English | Jan. 15, 2016 | ASIN: B01AOOGXMA | 259 Pages | AZW3/MOBI/EPUB/PDF (conv) | 7.14 MB

This book provides all the material needed to work on Integral Calculus and Differential Equations using Mathematica. It includes techniques for solving all kinds of integral and its applications for calculating lengths of curves, areas, volumes, surfaces of revolution…

Posted by **tanas.olesya** at Feb. 21, 2016

English | 1997 | ISBN: 0849378532 | 378 Pages | PDF | 11 MB

This new book on partial differential equations provides a more accessible treatment of this demanding subject.

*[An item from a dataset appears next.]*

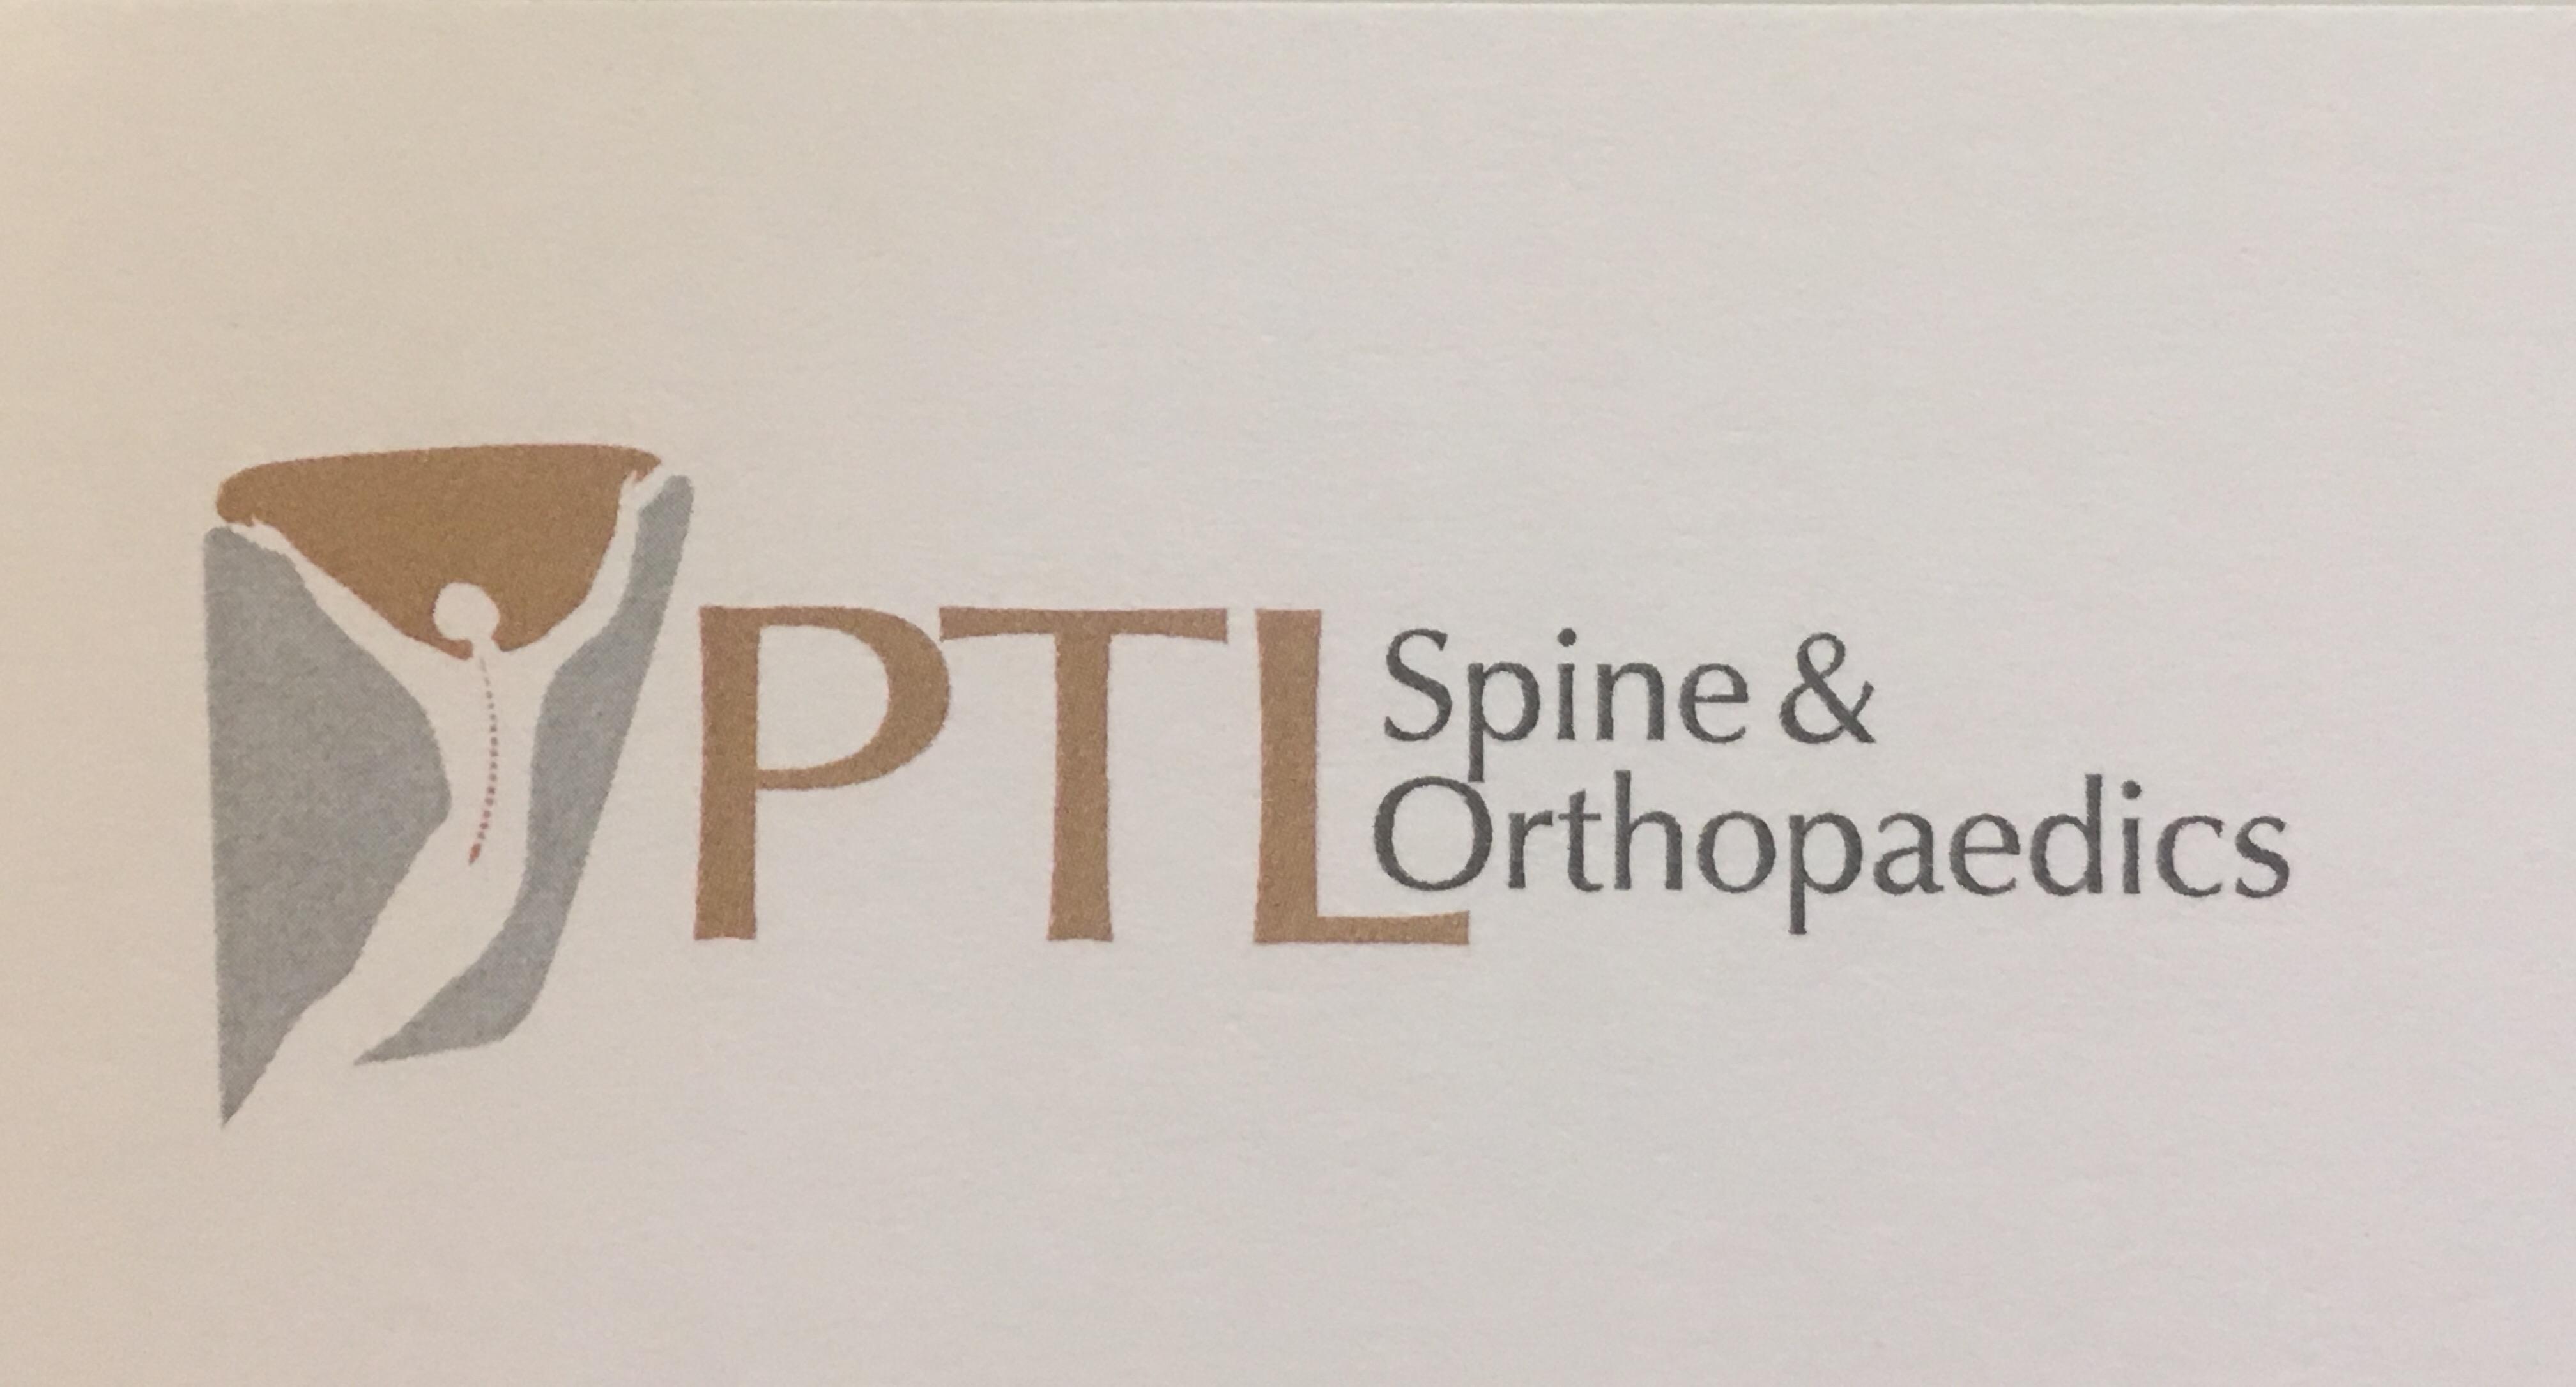 PTL Spine & Orthopaedics

There is a need to introduce technology into math courses; therefore, the authors integrate the use of Mathematica throughout the book, rather than just providing a few sample problems at the ends of chapters.

Posted by **roxul** at Oct. 5, 2015

English | ISBN: 1466510560 | 2014 | 648 pages | PDF | 11 MB

Posted by **ChrisRedfield** at May 21, 2015

Published: 2011-08-04 | ISBN: 3709105161, 3709117216 | PDF | 357 pages | 5.23 MB

Posted by **step778** at Aug. 18, 2014

1996 | pages: 398 | ISBN: 0849378532 | PDF | 12 mb

Posted by **interes** at Dec. 18, 2013

3 edition | English | 2004-02-16 | ISBN: 0120415623 | 893 pages | PDF | 16.1 mb

The Third Edition of the Differential Equations with Mathematica integrates new applications from a variety of fields,especially biology, physics, and engineering. The new handbook is also completely compatible with recent versions of Mathematica and is a perfect introduction for Mathematica beginners.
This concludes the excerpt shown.